• This site uses cookies. By continuing to use this site, you are agreeing to our use of cookies. Learn more.

Content duplicated from other sites - how to identify?

Amin Sabet

Well-known member
#1
Given that I have camera forums, I occasionally come across posts that are duplicates of posts from other sites.

For example, Jim A posts a long nice post about how he gets the most out of his new Nikon D810 camera. Great content. But then I Google his post and find that he also posted it verbatim in the DPReview forum. Great for Jim - he gets responses on both sites. Not good for me - my forum looks like it's scraping DPReview.

Ideally I'd like to identify and delete all such posts, but I haven't found a way to do the identification part. Has anyone else found a way?
 

James

Well-known member
#3
I'm not sure his concern is seo I think his concern is that he doesn't want to appear to be stealing content from other site(s). I'm not sure there's an easy solution for this.
 

Solidus

Well-known member
#5
I'm not sure his concern is seo I think his concern is that he doesn't want to appear to be stealing content from other site(s). I'm not sure there's an easy solution for this.
He mentions Google, though. Not only will both his sites be under the same Webmaster Tools account (should be), but as stated above, Google doesn't care.
Who's gonna think he is stealing content?
 

Amin Sabet

Well-known member
#6
Google does not penalize for "duplicate content", it only rewards unique content.
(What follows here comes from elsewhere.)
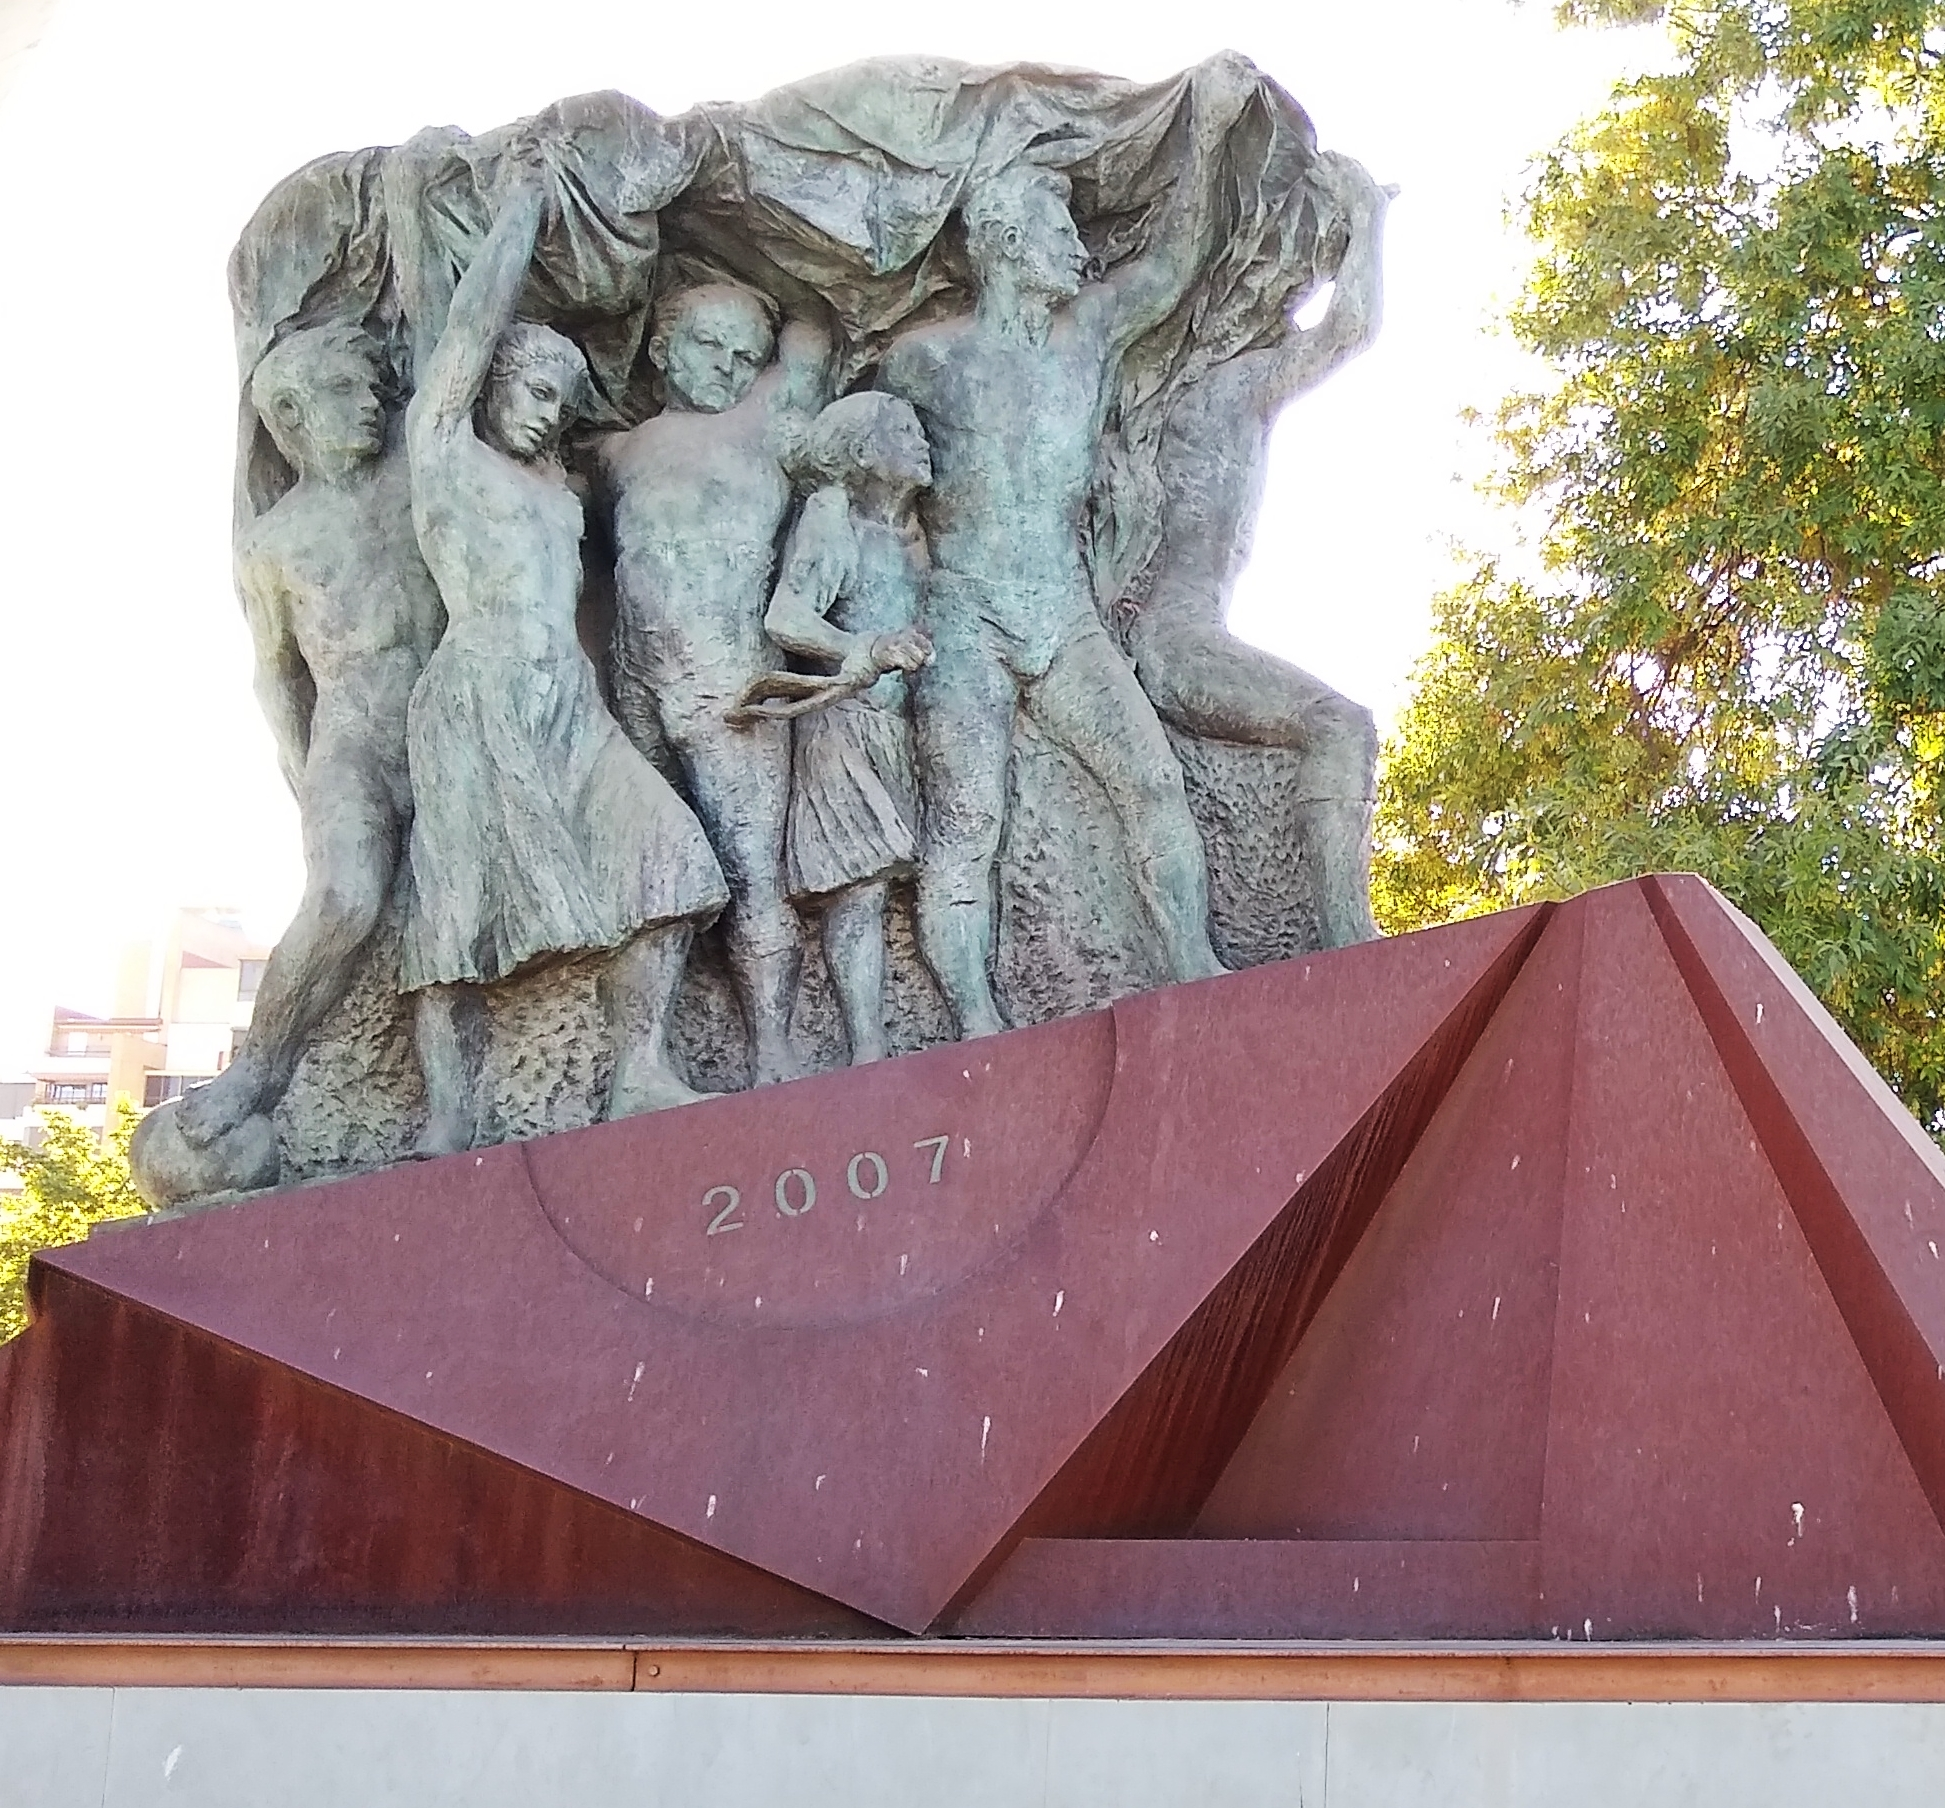 la Afición del Real Betis Balompié 03.jpg Español: Monumento a la Afición del Real Betis Balompié. Estadio Benito Villamarín. Sevilla, Andalucía, España

I don't think this will be an issue for you.
Has something changed?

From: https://support.google.com/webmasters/answer/66359?hl=en

"Duplicate content on a site is not grounds for action on that site unless it appears that the intent of the duplicate content is to be deceptive and manipulate search engine results. "

It seems to me that if someone Googles "Nikon D810 autofocus" and Google's search results show them largely the same content on DPReview and my site, that is the kind of bad user experience Google is talking about, and my site being the smaller fish could be perceived as trying to game the system, even though that is not the case.

I see some forums which are getting hit by Panda and believe this issue to be relevant.

For example: https://productforums.google.com/forum/#!topic/webmasters/RbJPJqzQ6sk[301-325]

"We also delete all duplicate content, and strictly forbid any community members from posting articles that exist elsewhere on the Internet. All such content is instantly removed and the poster banned from the site. "
 

Anthony Parsons

Well-known member
#10
"Duplicate content on a site is not grounds for action on that site unless it appears that the intent of the duplicate content is to be deceptive and manipulate search engine results. "
Google can and does ascertain user generated content, cross posting as you have outlined. That is not deceptive, that is merely you're not getting anything from that content because chances are, Google already has that exact content listed at competitor website.

Now... saying that, if you went and got a few links into that page, even though it was posted after your competitor site, you will actually obtain the ranking for it if the links are seen as more authoritative by Google. Hell, even if your site is more authoritative, then your user post will stick in the rankings, even though it is after the fact.

Google's algorithm should not be thought of as some simple mathematical equation. It's far from it, and uses limited AI within it to help it along.

Just because the user posted the content on your page second or third hand, your site is not punished and that page is not discarded in listings... it is merely not shown as the most appropriate match IF the other site has more authority to it. Authority though is not just domain level, but also page level. A relatively new site to the web could outrank some of the most authoritative domains, if a page on their site weighs more according to Google for relevancy.

If you want to find content as being original when posted by your users, then yes, you can do that. The service is called CopyScape, and you can subscribe for a fee to have your new content scanned and compared to everything else online for originality / duplication purposes.